# [DOMANDA] NTFS o EXT3, cambia la dimensione di un disco?

## micio

Ciao a tutti, 

mi ritrovo con un disco da 200 gb che prima aveva cone filesystem un NTFS, adesso devo metterci una EXT3, xò quando vado a formattare da 189gb che era è diventato 177.. o meglio, ne segna sempre 189, ma nonostante sia "vergine" me ne segna 177... 

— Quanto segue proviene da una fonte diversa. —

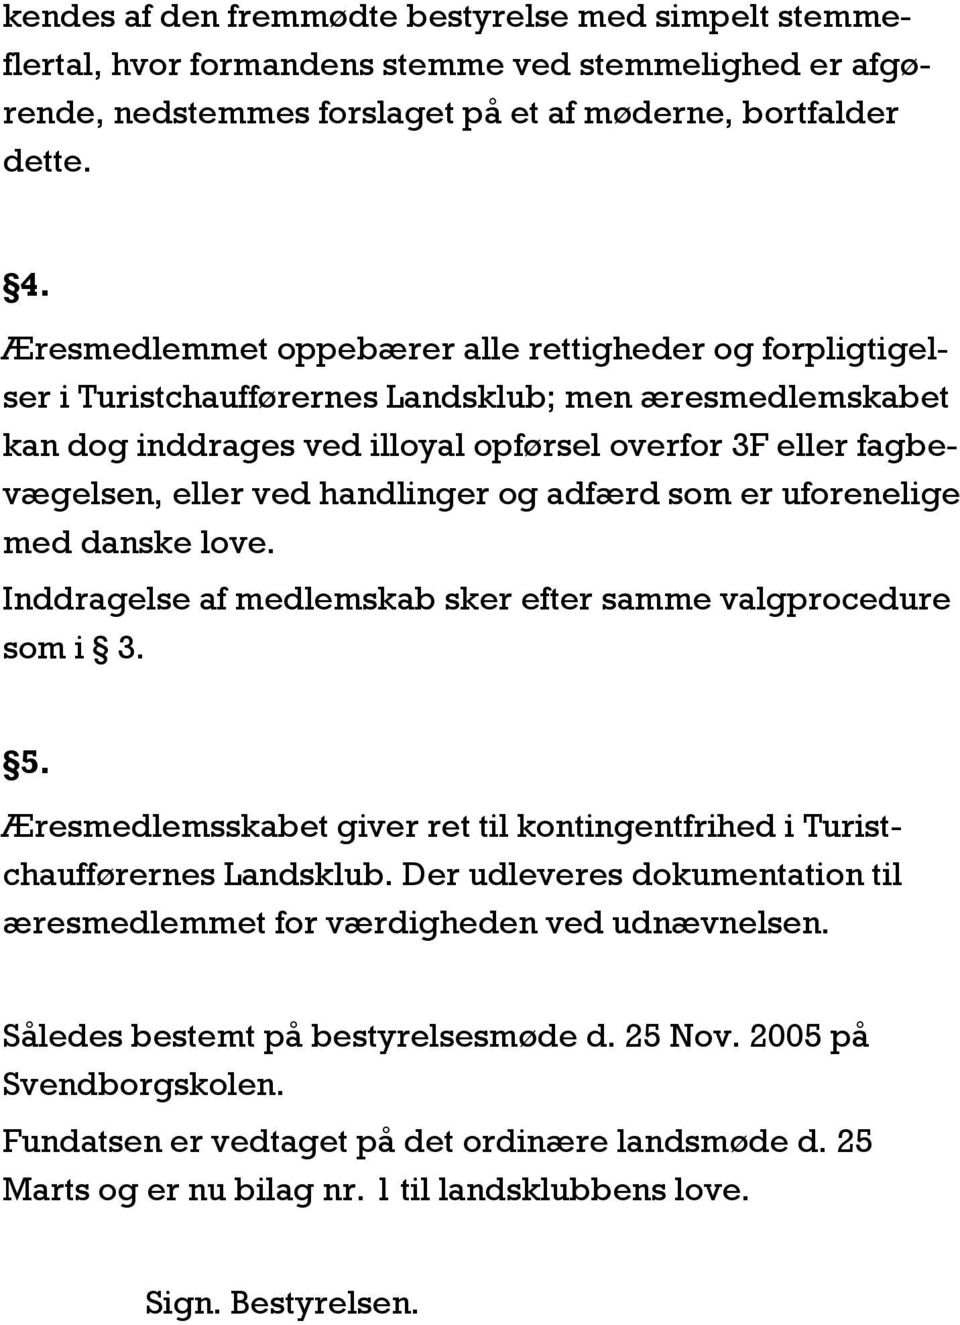 handlinger og adfærd som er uforenelige med danske love. Inddragelse af medlemskab sker efter samme valgprocedure som i 3. 5.

Sapete se è normale o meno? o comunque da cosa dipende?

Micio!

----------

## Kind_of_blue

io farei qualche ricerca sulle opzioni di formattazione di ext3

----------

## djinnZ

inode allocati, dimensione minima del blocco, spazio riservato (il default è 5%; opzione -m), fai un poco tu. Dimenticavo che la dimensione minima degli inode non viene più rispettata per dare supporto a selinux ed rsbac.

In più ntfs fa sentire il peso della struttura man mano che aggiungi i file non prima.

----------

## micio

Quindi visto che il disco in questione è destinato a tenere 200gb di file video mi consigli di farlo in EXT3 con le opzioni di default per non appesantire troppo la struttura in seguito?

Micio!

----------

## djinnZ

veramente sarebbe meglio xfs che è fatto apposta o reiser, ext3 ultimamente non mi è troppo simpatico e non si è dimostrato molto più affidabile.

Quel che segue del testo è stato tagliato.